● **Data**:
·····

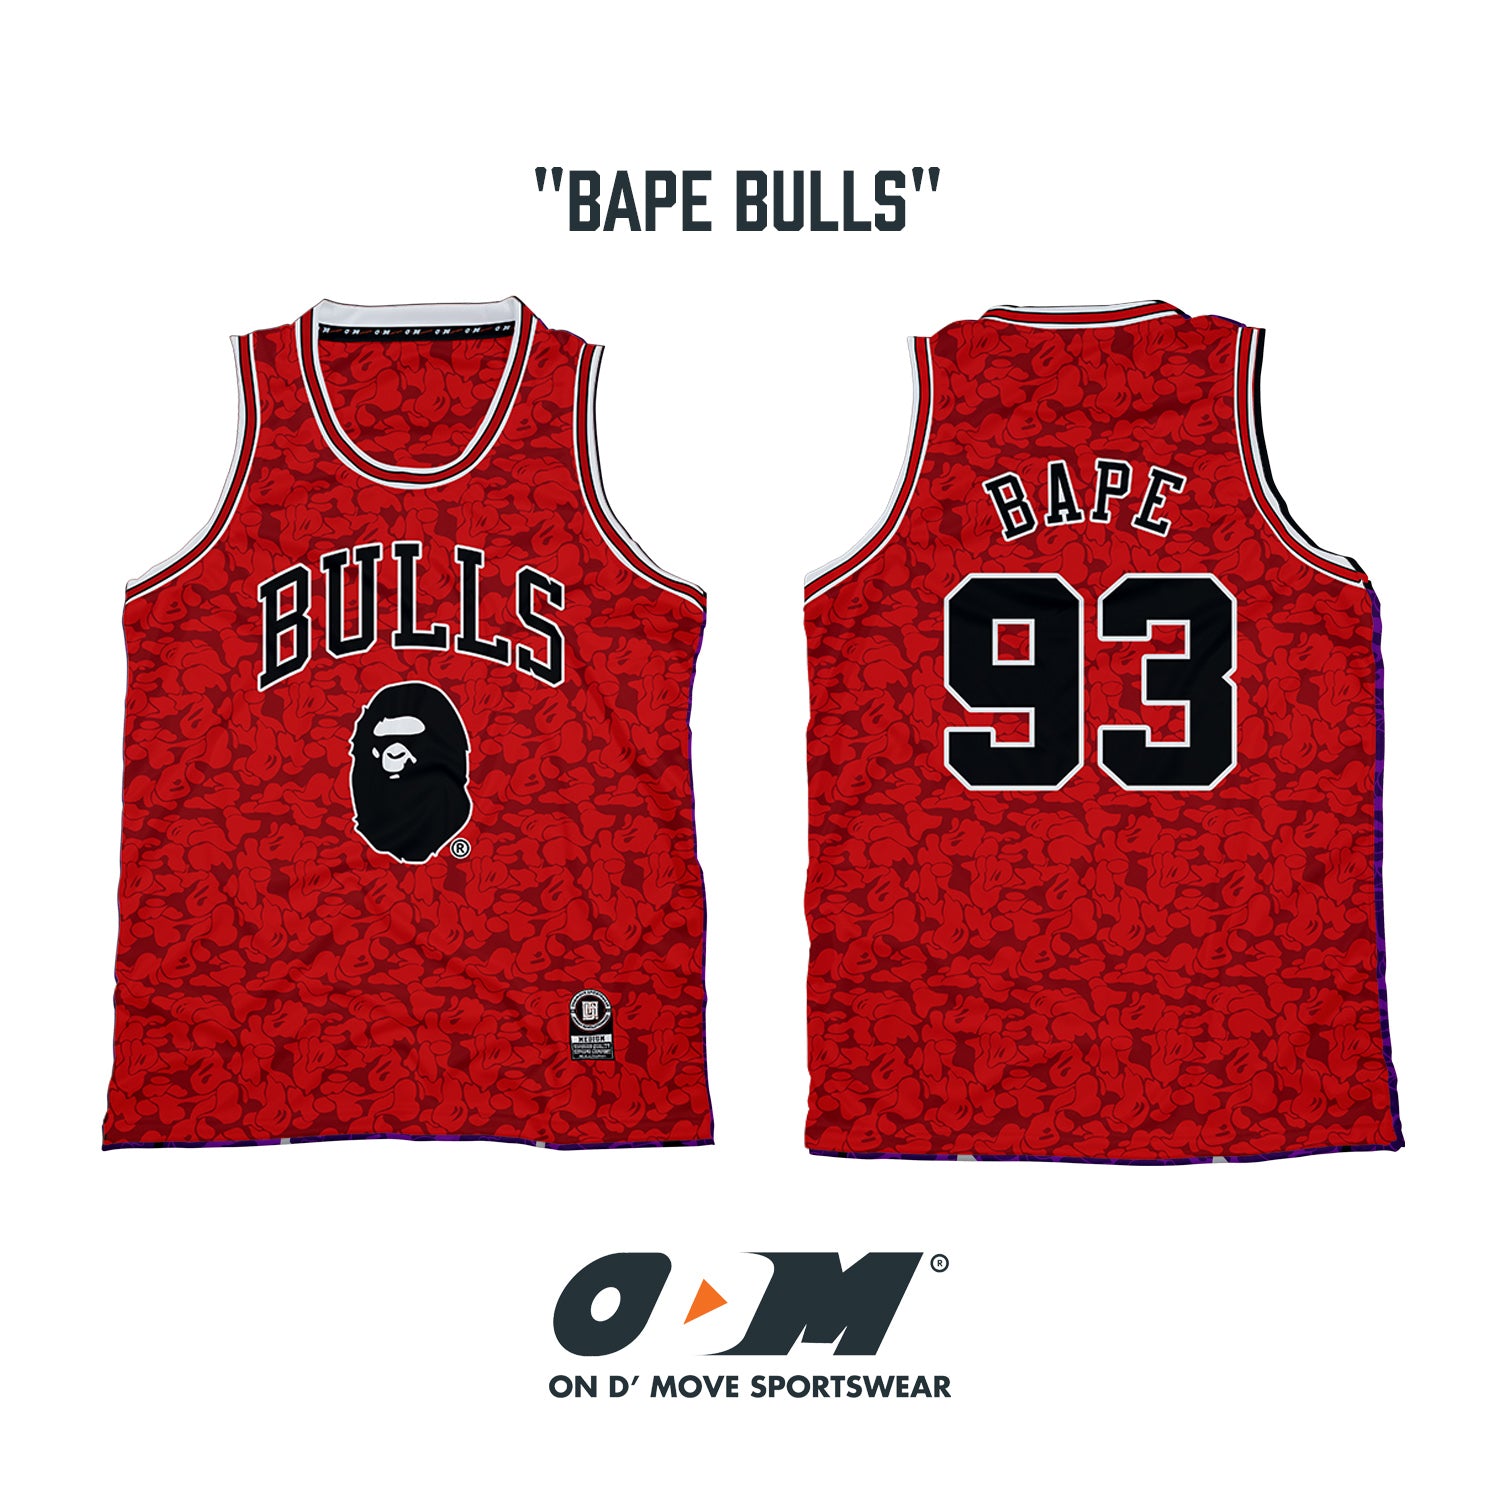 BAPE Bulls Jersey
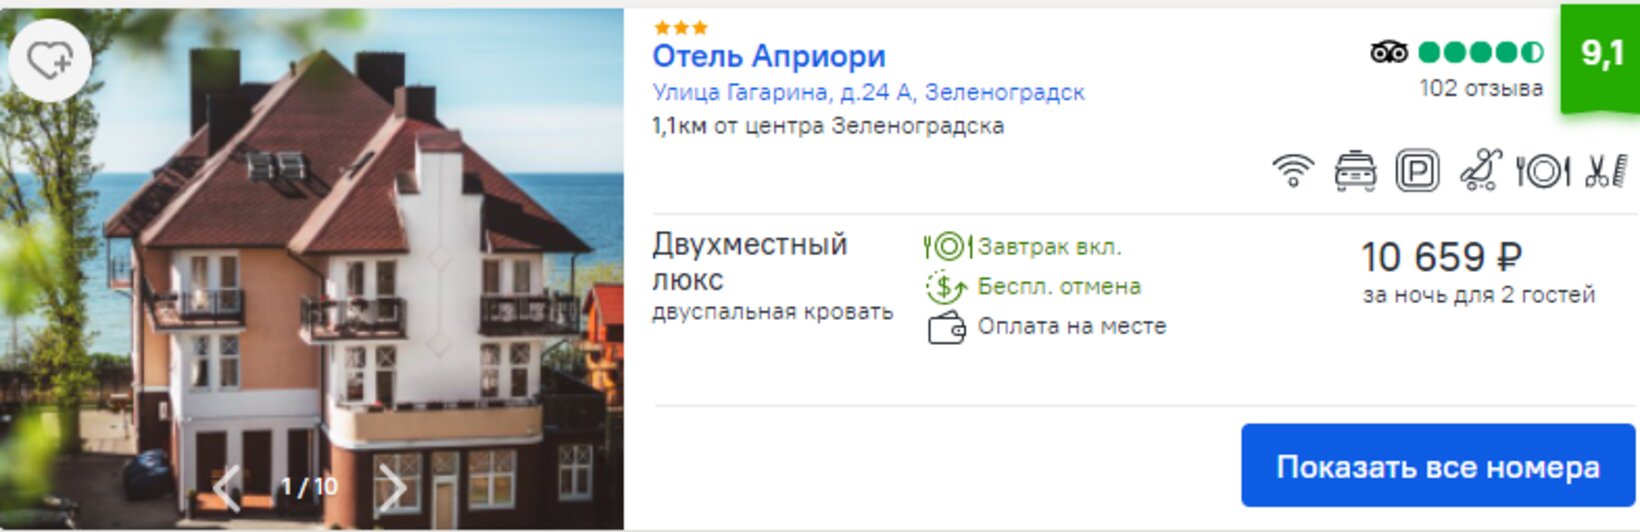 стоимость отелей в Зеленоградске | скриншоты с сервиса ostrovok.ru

·····

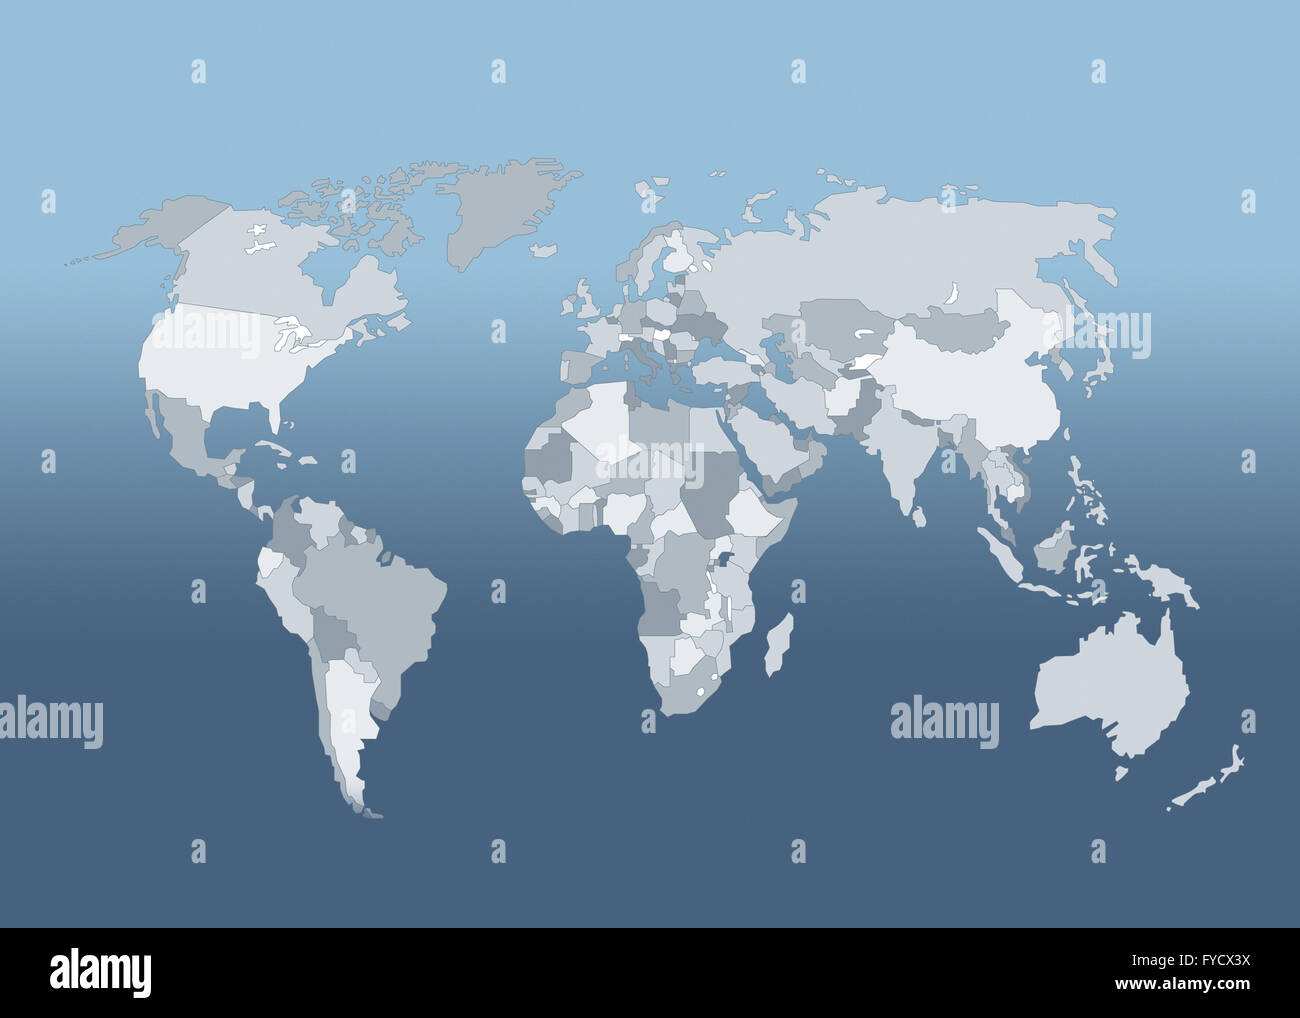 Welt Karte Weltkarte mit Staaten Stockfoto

·····

● **Exercise directions**: Everything from the line above that contains "BAPE Bulls Jersey" down to the line that contains "стоимость отелей в" must be reproduced exactly, both ends included. Omit the pictures.

● **Response**:
 BAPE Bulls Jersey
 стоимость отелей в Зеленоградске | скриншоты с сервиса ostrovok.ru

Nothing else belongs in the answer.